Les mains tremblantes, il referma le dossier de Kitty Hillman et soudain pensa à quelque chose. Il repoussa brutalement son fauteuil et se précipita dans le couloir. Tout essoufflé, il rattrapa Malko au milieu de la pelouse et tâcha de reprendre un peu de dignité.

— Monsieur… Linge, quand vous retrouverez miss Hillman… il y a un point que je voudrais vous souligner, quelque chose d’un peu gênant… Intrigué, Malko s’arrêta :

— Que voulez-vous dire ?

Le Professeur ôta ses lunettes et fixa sur Malko un regard de myope.

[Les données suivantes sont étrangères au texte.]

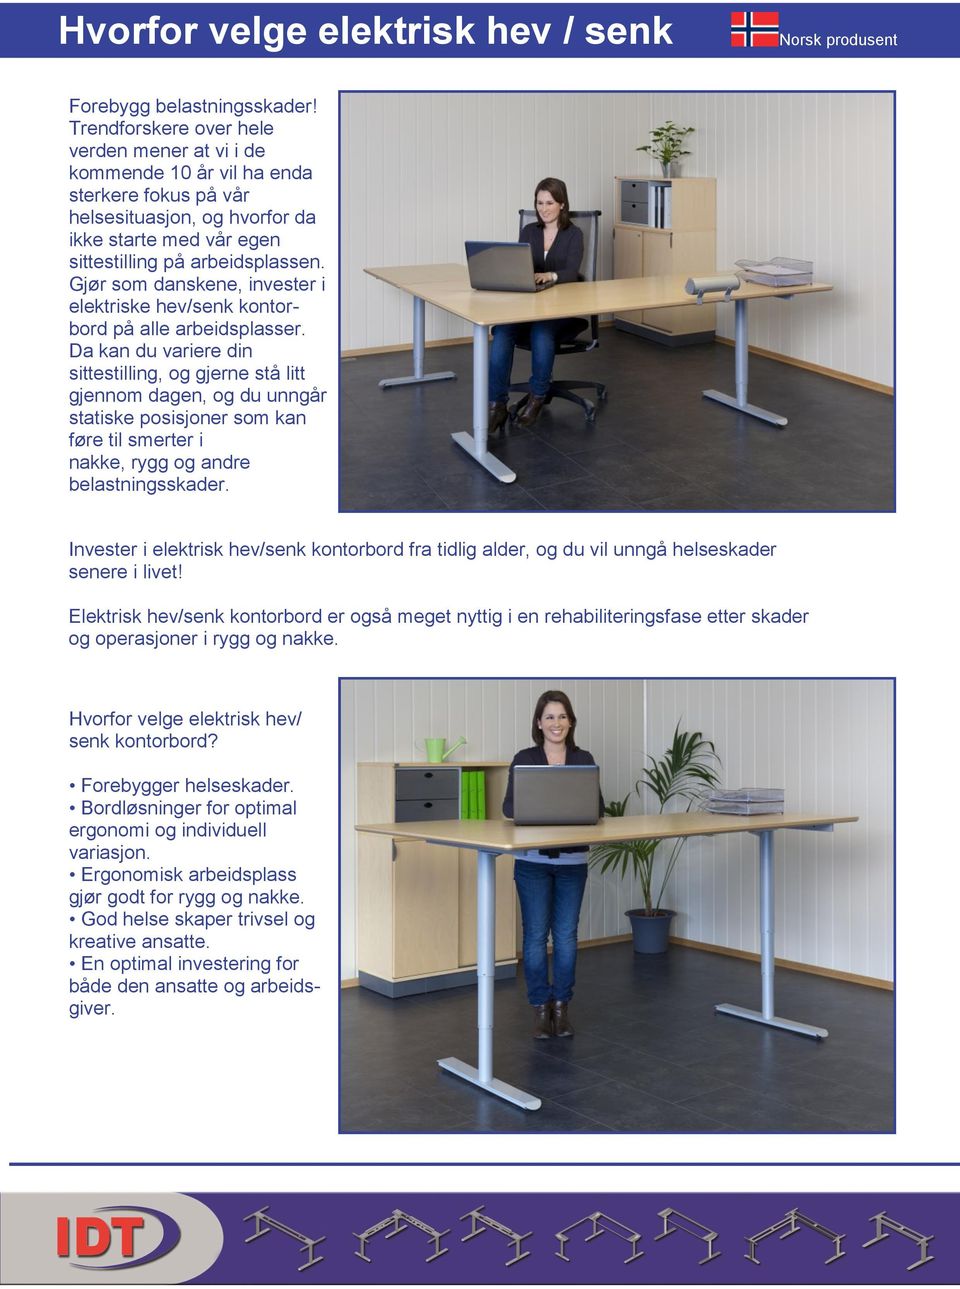 Gjør som danskene, invester i elektriske hev/senk kontorbord på alle arbeidsplasser.

— Eh bien, miss Hillman, en raison de son âge et de son tempérament, disons au-dessus de la moyenne, a des besoins sexuels assez importants ! Or, l’accident l’ayant privée de tout sens, euh !… moral, elle considère ces choses comme un jeu absolument sans importance. Ce qui ne va pas sans créer quelques problèmes. J’en ai eu avec des infirmiers qui ont profité de cette faiblesse et j’ai dû sévir. Comme je la considère toujours sous ma responsabilité… n’est-ce pas ?

Malko sourit tristement et dit :

— Nous n’en sommes pas encore là, Professeur. Dites-vous bien que ce que risque Kitty Hillman en ce moment est infiniment plus grave.

— Quand même, fit Soussan, pensez aux conséquences si…

— Nous y penserons quand nous l’aurons retrouvée, conclut Malko. Je vous tiendrai au courant. À bientôt, Professeur.

La grille bien huilée se referma sans un bruit.

La Dodge n’avait pas bougé. Malko fut accueilli par un double soupir de soulagement :

— Encore dix minutes et on allait vous chercher, dit Chris. Où est la petite ?

Malko expliqua rapidement le kidnapping et leur montra la photo de Kitty Hillman.

Ils restèrent la langue pendante. Chris remarqua :

— Mais je croyais que c’était une dingue, ou quelque chose comme ça ?

— C’est seulement son cerveau qui est touché, précisa Malko. Le reste marche très bien, trop bien même.

— Qu’est-ce qu’on fait ? demanda Chris en mettant en route. Malko jeta un regard de regret au lac de Genève.

— Nous allons à Zurich. Rendre visite à la Société zurichoise de Dépôts.

Pendant que la voiture grimpait l’étroite route qui rattrapait l’autoroute de Berne, Malko savourait une sombre satisfaction. Grâce au chèque, il allait peut-être retrouver facilement la piste des ravisseurs de Kitty Hillman. Et pour la première fois depuis très longtemps dans une de ses missions, il éprouvait un plaisir personnel à la pensée de réussir. Lorsqu’il avait vu la photo de Kitty, il avait éprouvé un désir forcené, inhumain, de tuer.